Quote all lines below exactly. Images stay out.

• _Stored data_

..............................

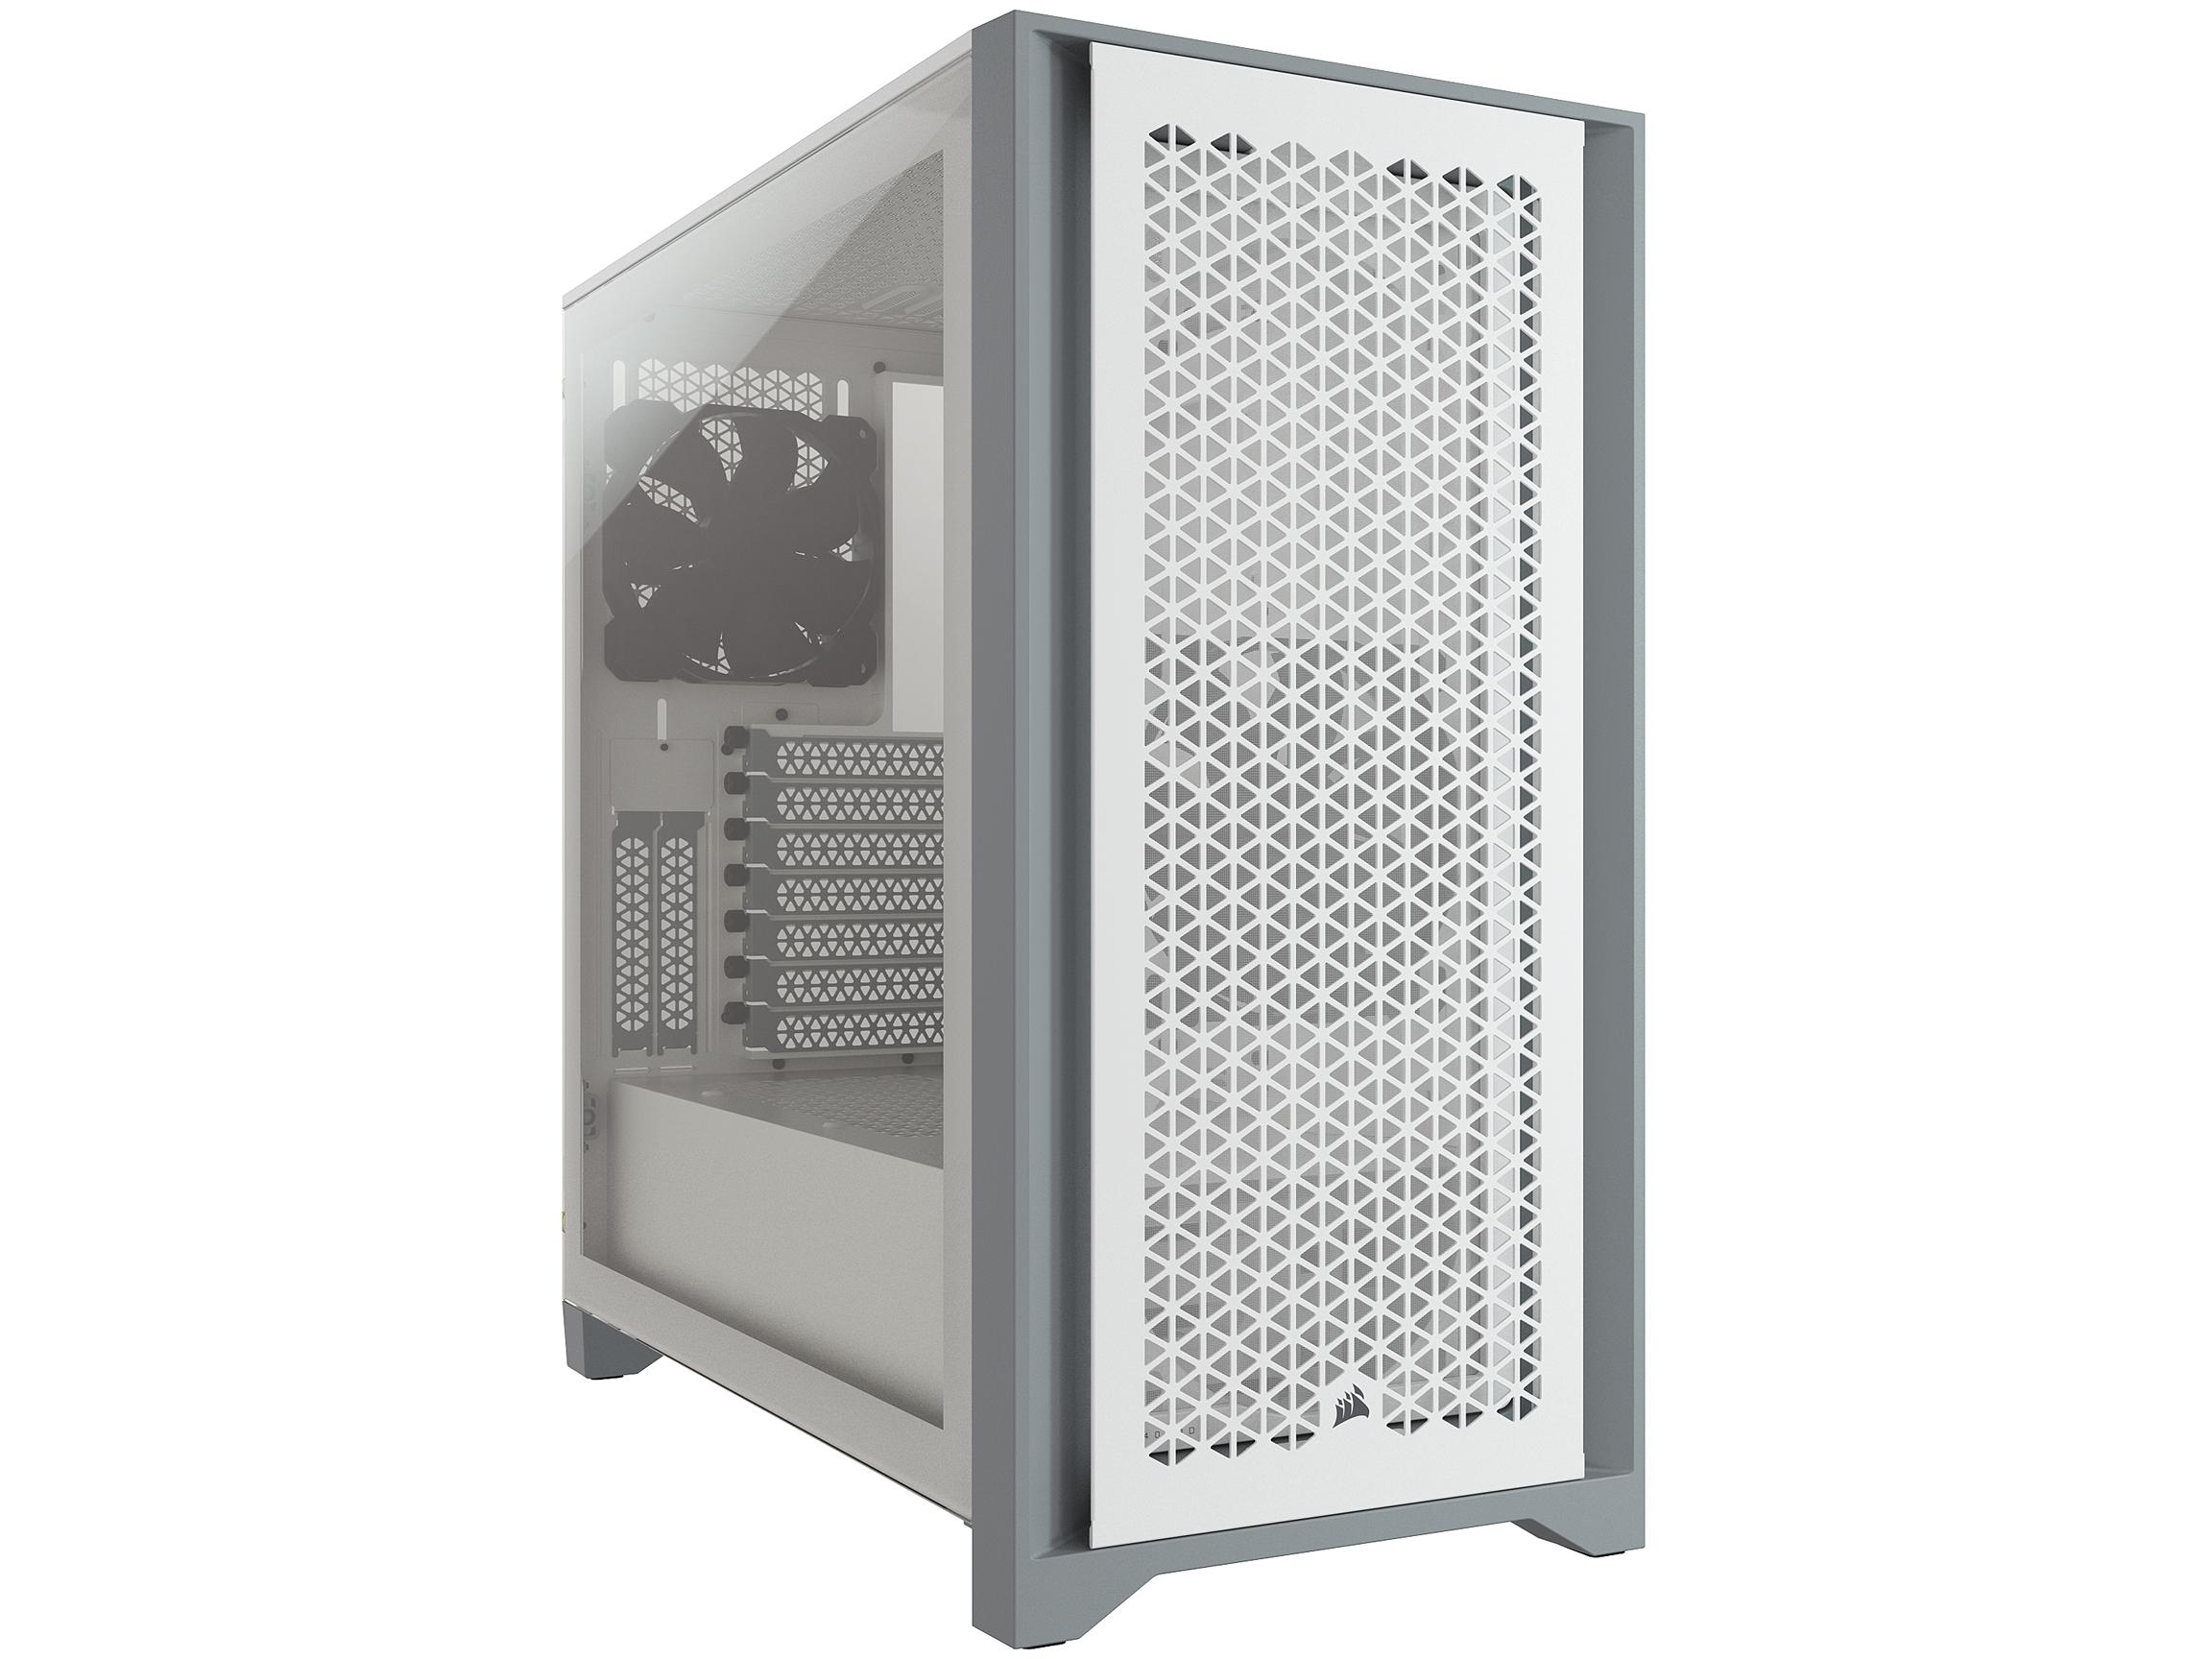 Corsair 4000D Airflow Tempered Glass ATX Mid Tower Computer Case, CC-9011201-WW
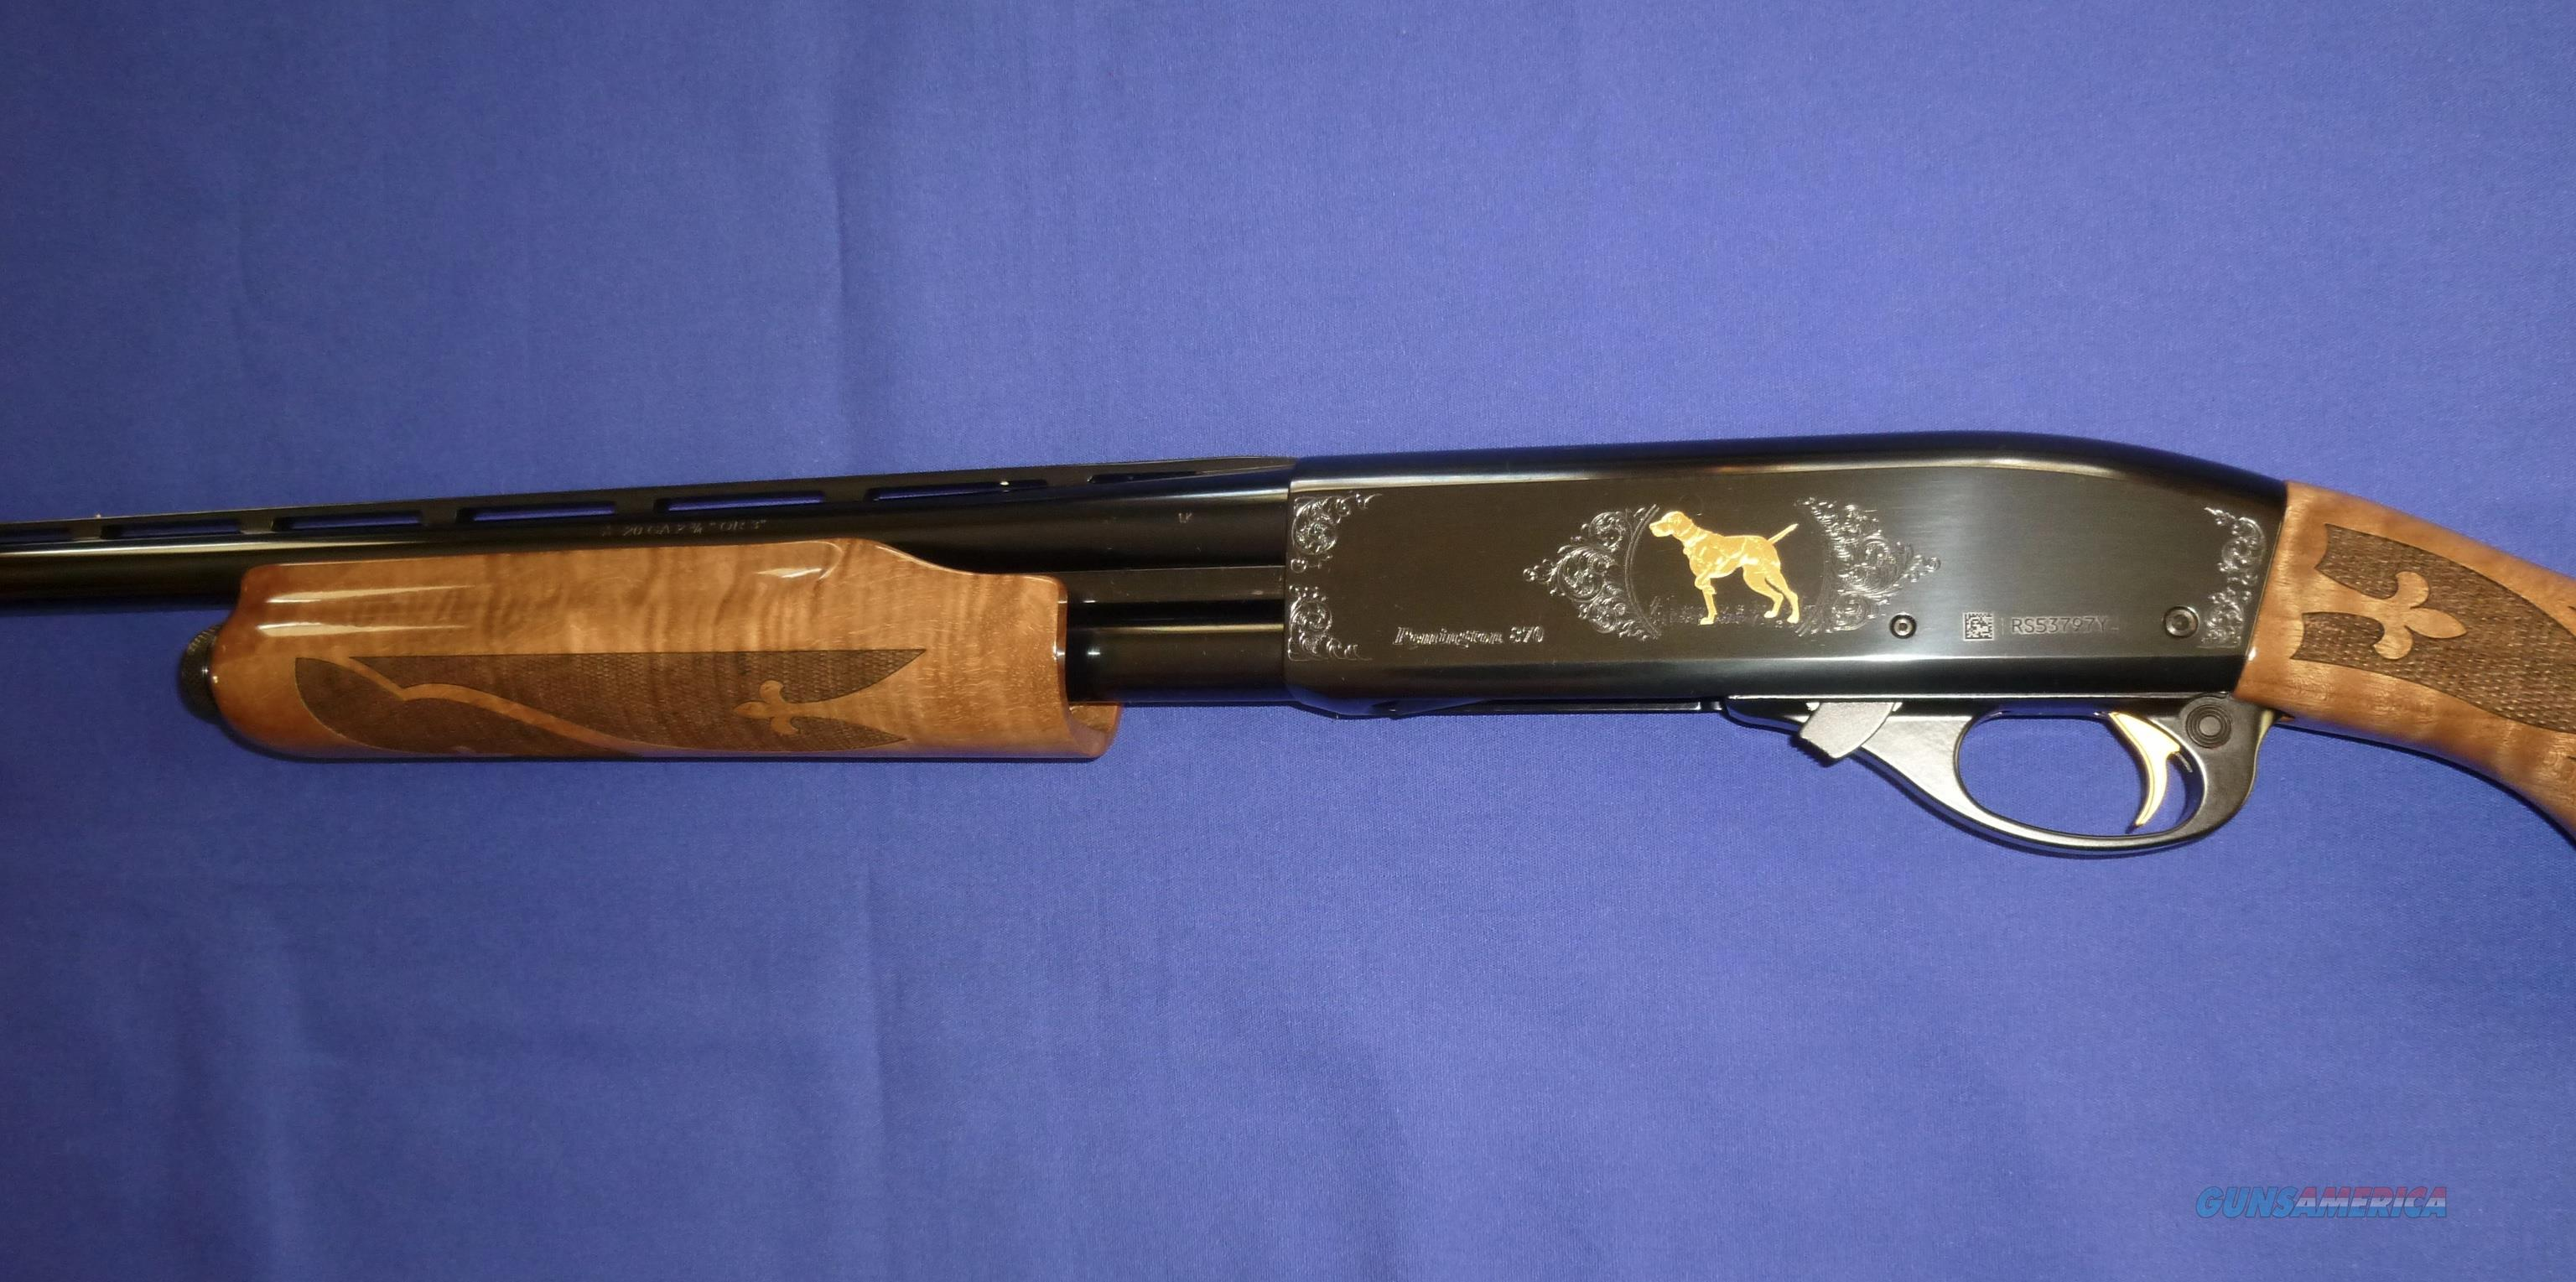 Remington 870 wingmaster american classic 20 gauge pump for Classic american
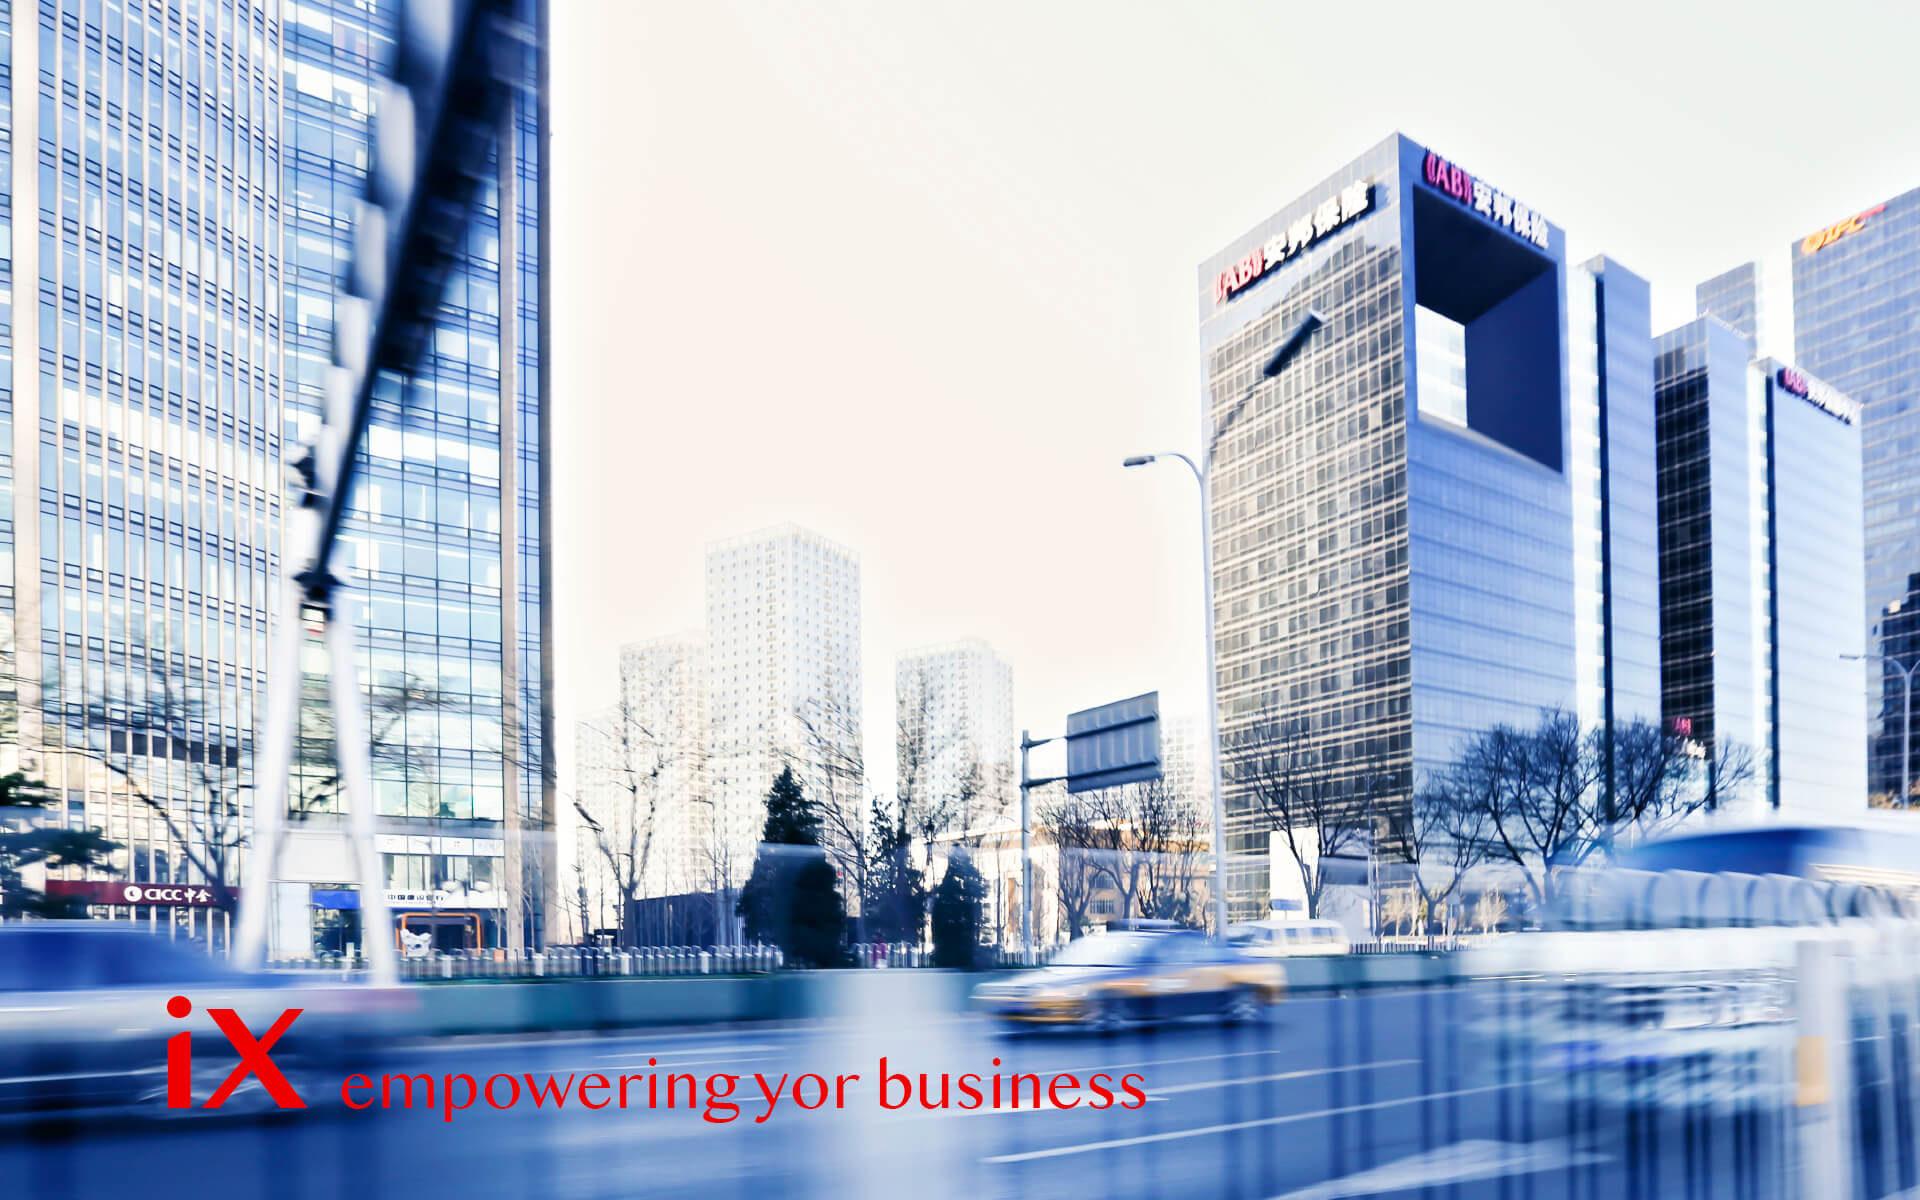 Studio iX empowering your business

..............................

• _Task result_
 Corsair 4000D Airflow Tempered Glass ATX Mid Tower Computer Case, CC-9011201-WW
 Remington 870 wingmaster american classic 20 gauge pump for Classic american
 Studio iX empowering your business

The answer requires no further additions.